The detection of 15 EPDRs in the secretome of aggregating COTS (Fig. 2b) suggest that they potentially have a role in conspecific communication; an additional 11 EPDR genes in the COTS genome are also highly expressed, mostly in externally connected organs and tissues (Fig. 3a). Except for the signal peptide and a small number of spatially conserved cysteine residues, these 26 EPDRs share very low sequence similarity. Although EPDRs are present in most metazoans18,19, this family has uniquely expanded in asteroids into at least eight orthology groups comprising two larger clades (Fig. 3b, Extended Data Fig. 7 and Supplementary Note 8). Identified asteroid orthologues share little sequence similarity, suggesting that these EPDRs have rapidly evolved to give rise to species-specific repertoires of putative communication factors. Nineteen of the COTS EPDR genes comprise two compact tandem arrays that vary markedly in sequence and expression (Fig. 3 and Supplementary Note 8).

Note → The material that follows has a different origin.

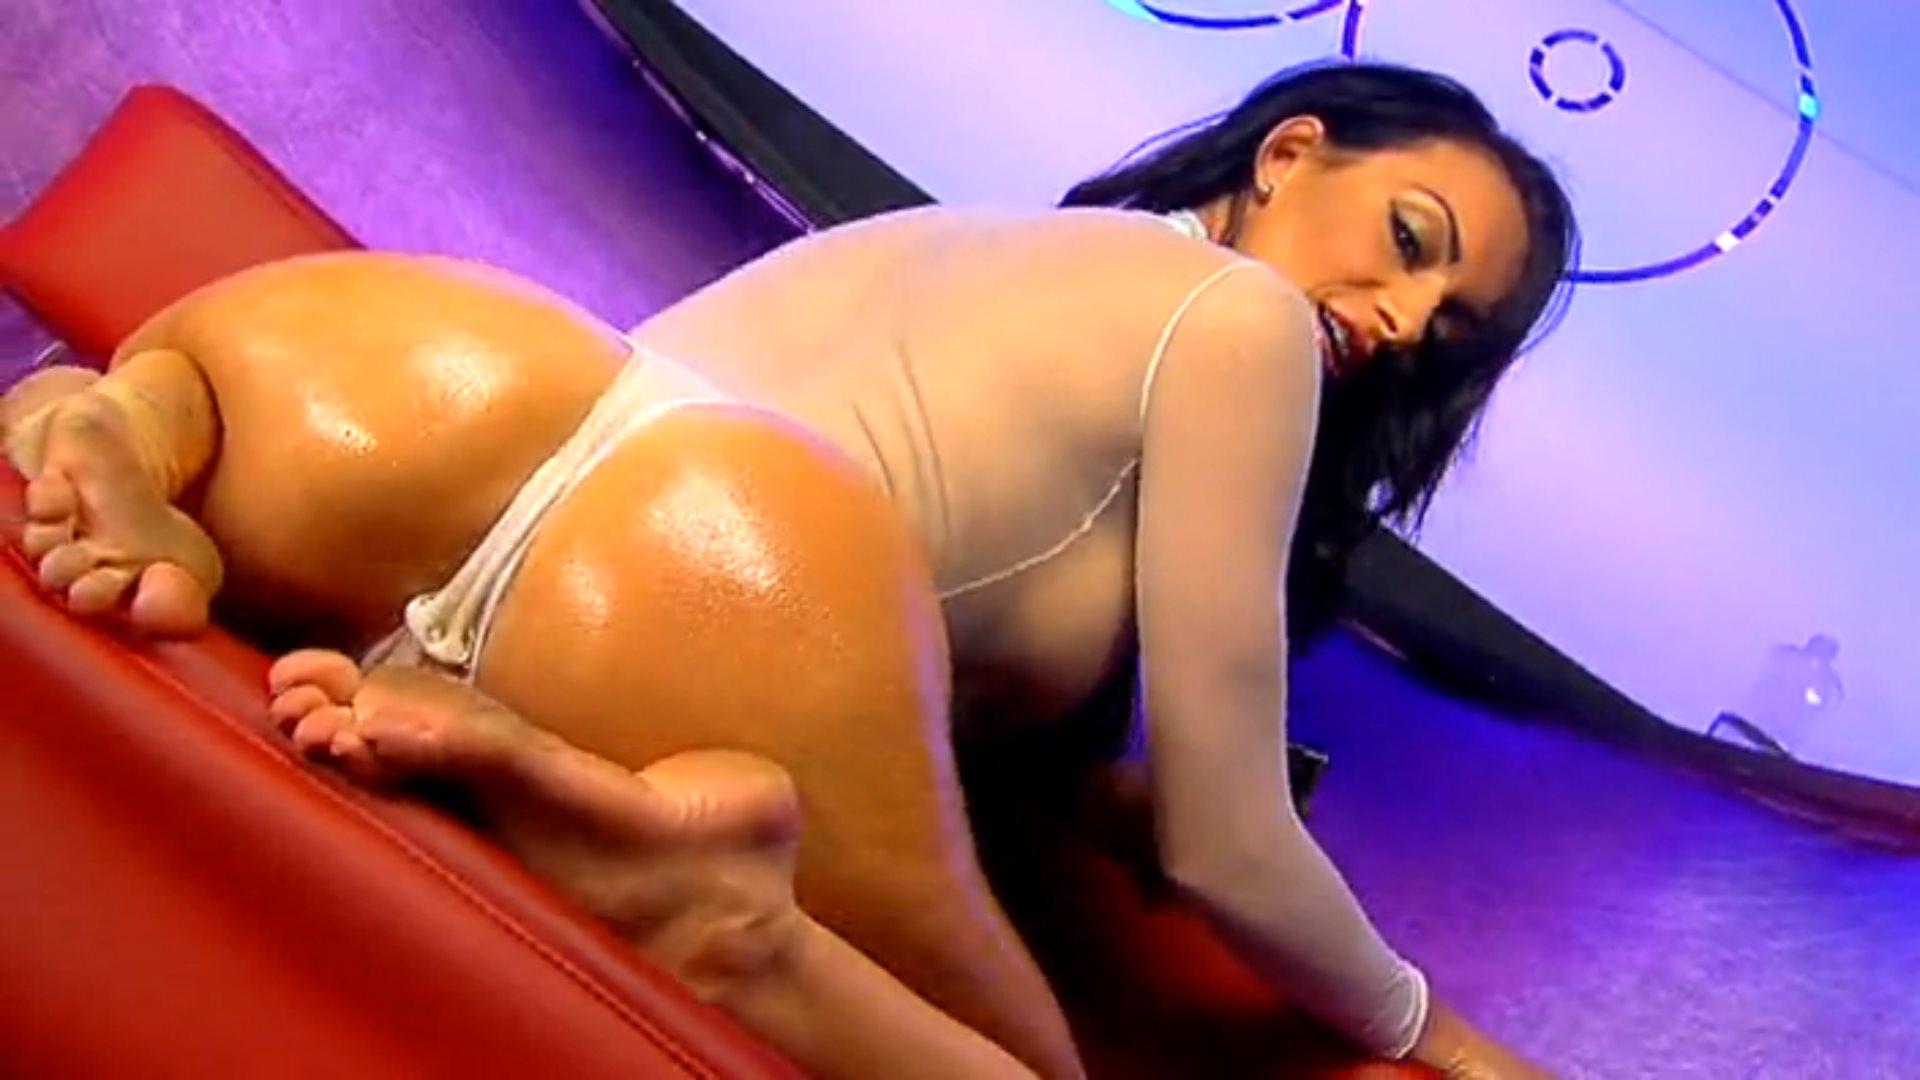 Sheree wilson nude pics

The concomitant secretion of a variety of proteases by aggregating COTS (Fig. 2c) lends support for a role of EPDRs in starfish communication; protease-released ependymin peptides act as signalling molecules in vertebrates18,20. Thus, EPDRs provide a potential basis for the development of peptide mimetics for COTS biocontrol.

Figure 3: Ependymin-related gene expansion and expression.
figure 3

a, Tissue expression of the COTS EPDR genes. b, Phylogeny of EPDR proteins. COTS genes are labelled and are marked with red lines; other asteroids, two shades of orange and yellow lines; sea urchins, dark green; hemichordates, light green; molluscs, pink; annelids, purple; cnidarians, black; and vertebrates, blue. The three clades to which COTS sequences belong are indicated by the outer circle. The asterisk denotes the fish-specific true ependymin clade. c, One of the COTS EPDR gene clusters on scaffold 218, with exons (grey bars and arrowheads), intergenic regions and introns (thin black lines) and direction of transcription (arrowhead at end of coding sequence) shown. Scale bar, 10 kb. In all panels, EPDRs secreted by COTS into the seawater are highlighted by red or green ovals as in Fig. 2b.

PowerPoint slide

The COTS genome encodes approximately 950 G-protein-coupled receptor (GPCR) genes, similar to other deuterostomes21,22 (Extended Data Table 2 and Supplementary Note 9). Many of the approximately 750 COTS rhodopsin-class GPCRs—the class comprising chemoreceptors23—are organized in species-specific tandem arrays of unique, single exon genes, akin to putative olfactory receptors in other deuterostomes21,22 (Fig. 4a, b and Extended Data Fig. 8). The enrichment of COTS olfactory-receptor-like GPCR transcripts in external and sensory tissues, including the radial nerve, spine and body wall (Fig. 4c), is consistent with their role in the detection of water-borne signals. A similar enrichment is observed in sea urchins, which also appear to change behaviours because of olfactory signals13,14,21. The COTS radial nerve is in direct contact with the external environment13,14,24 and displays sexually dimorphic expression of rhodopsin GPCRs (Fig. 4c), suggesting that conspecific signals are perceived differently by male and female starfish.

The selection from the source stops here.